Reputation: 23
SELECT *
FROM `project.dataset1.table1` t1
FULL OUTER JOIN `project.dataset2.table2` t2
USING (Name)
FULL OUTER JOIN `project.dataset3.table3` t3
USING (Name)
WHERE Name LIKE '%John%'
project.dataset1.table1
and project.dataset3.table3
both have the same column names.
I get the error "Duplicate column names in the result are not supported."

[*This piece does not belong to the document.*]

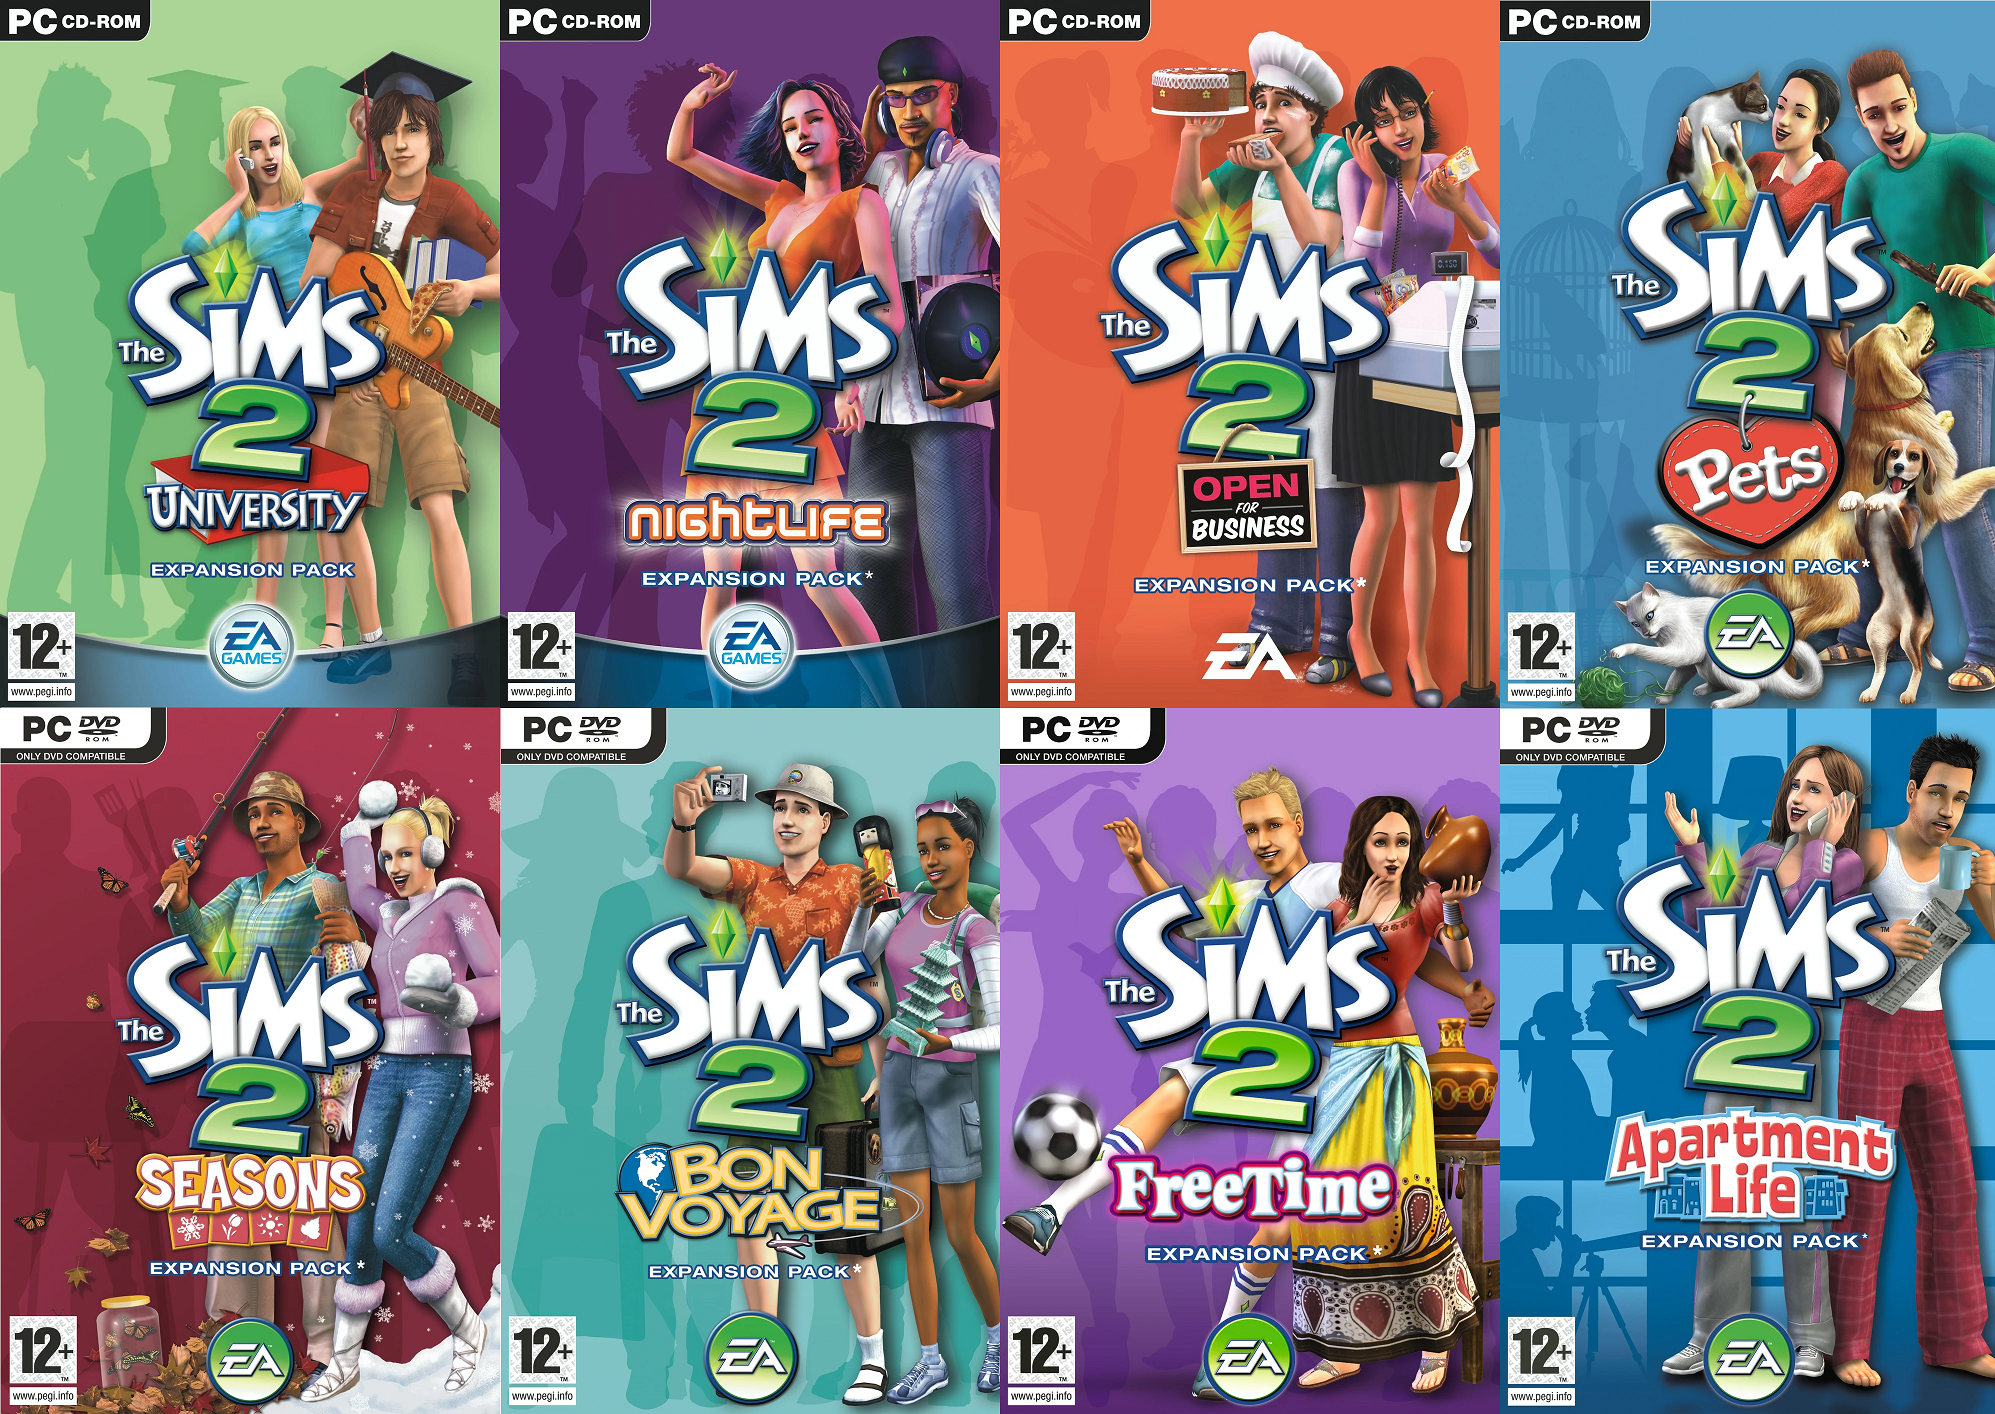 sims 3 expansion pack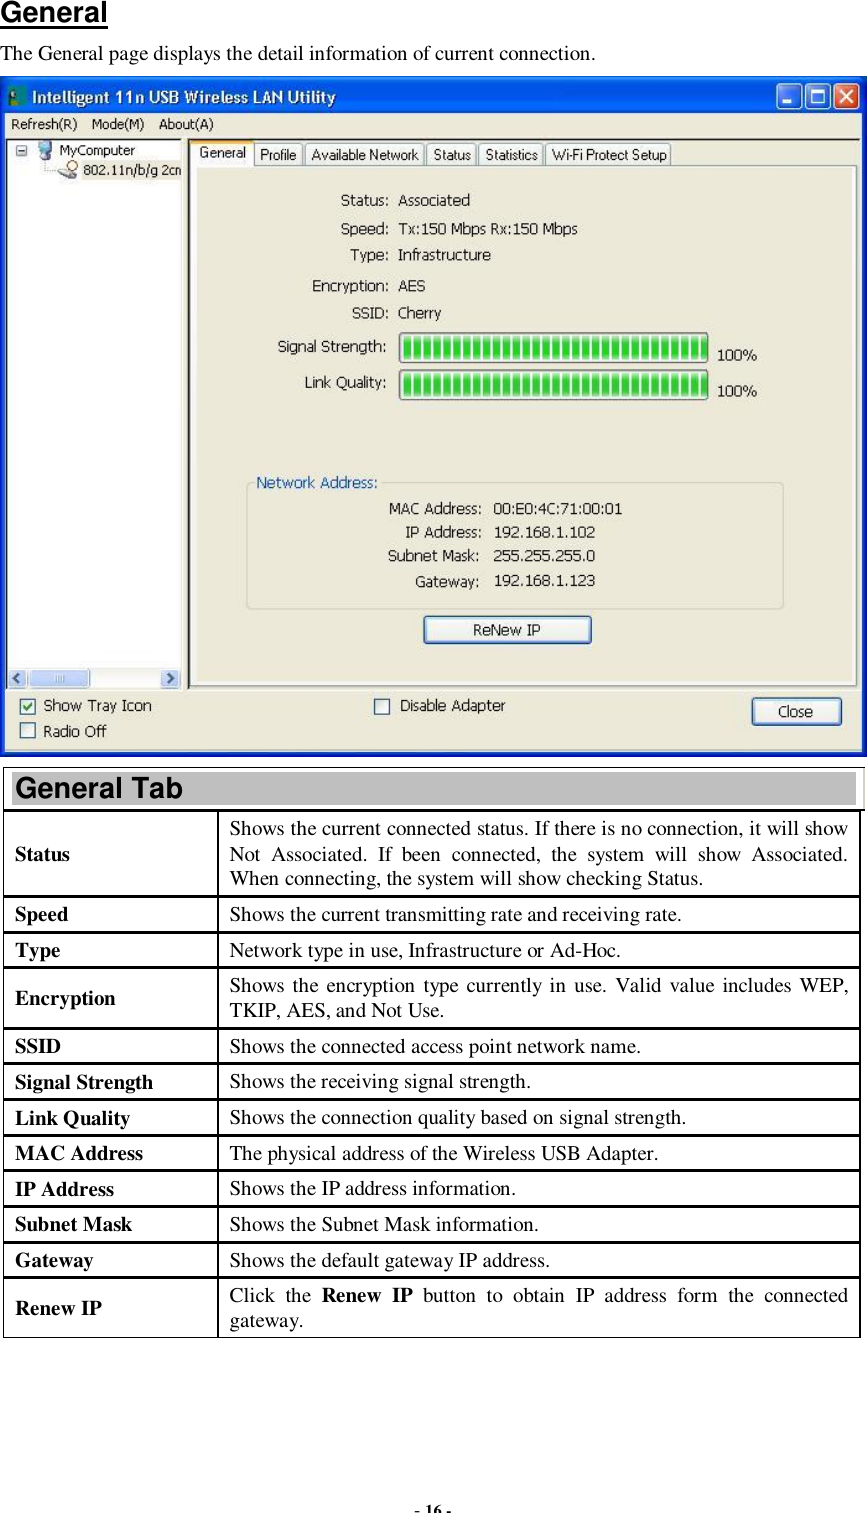  - 16 -  General The General page displays the detail information of current connection.  General Tab Status  Shows the current connected status. If there is no connection, it will show Not Associated. If been connected, the system will show Associated. When connecting, the system will show checking Status. Speed  Shows the current transmitting rate and receiving rate. Type  Network type in use, Infrastructure or Ad-Hoc. Encryption  Shows the encryption type currently in use. Valid value includes WEP, TKIP, AES, and Not Use. SSID  Shows the connected access point network name. Signal Strength  Shows the receiving signal strength. Link Quality  Shows the connection quality based on signal strength. MAC Address  The physical address of the Wireless USB Adapter. IP Address  Shows the IP address information. Subnet Mask  Shows the Subnet Mask information. Gateway  Shows the default gateway IP address. Renew IP  Click the  Renew IP button to obtain IP address form the connected gateway.

What is the correct way of combining these tables in BigQuery?
Upvotes: 2
Views: 1550
Reputation: 172944
Let me first explain what is going on here
In below example - there is no problem with duplicate column name rather than Name
but it is addressed by having Name within USING()
vs ON
#standardSQL
WITH
`project.dataset1.table1` AS (SELECT 'John' Name, 'a' x ),
`project.dataset2.table2` AS (SELECT 'John' Name, 'b' y),
`project.dataset3.table3` AS (SELECT 'John' Name, 'c' z)
SELECT *
FROM `project.dataset1.table1` t1
FULL OUTER JOIN `project.dataset2.table2` t2 USING (Name)
FULL OUTER JOIN `project.dataset3.table3` t3 USING (Name)
WHERE Name LIKE '%John%'
In the second example below, you see extra field dup_col
that is duplicate (in table1 and in table2) - thus the error - Duplicate column names in the result are not supported
#standardSQL
WITH
`project.dataset1.table1` AS (SELECT 'John' Name, 'a' x, 'qq' dup_col),
`project.dataset2.table2` AS (SELECT 'John' Name, 'b' y, 'ww' dup_col),
`project.dataset3.table3` AS (SELECT 'John' Name, 'c' z)
SELECT *
FROM `project.dataset1.table1` t1
FULL OUTER JOIN `project.dataset2.table2` t2 USING (Name)
FULL OUTER JOIN `project.dataset3.table3` t3 USING (Name)
WHERE Name LIKE '%John%'
Finally, in below example you find how to address that issue
#standardSQL
WITH
`project.dataset1.table1` AS (SELECT 'John' Name, 'a' x, 'qq' dup_col),
`project.dataset2.table2` AS (SELECT 'John' Name, 'b' y, 'ww' dup_col),
`project.dataset3.table3` AS (SELECT 'John' Name, 'c' z)
SELECT * EXCEPT(dup_col),
t1.dup_col AS t1_dup_col,
t2.dup_col AS t2_dup_col
FROM `project.dataset1.table1` t1
FULL OUTER JOIN `project.dataset2.table2` t2 USING (Name)
FULL OUTER JOIN `project.dataset3.table3` t3 USING (Name)
WHERE Name LIKE '%John%'
As you can see here, we added EXCEPT(dup_col)
which eliminates that duplicate columns from output, but than we explicitly added those columns with distinct aliases
So, now there is no duplicate columns in output and it is as below
Row Name x y z t1_dup_col t2_dup_col
1 John a b c qq ww
Hope, you will be able to apply this to your specific duplicate columns
If you have more than just one name - just list them in EXCEPT as
EXCEPT(dup_col1, dup_col2, dup_col3)
Upvotes: 3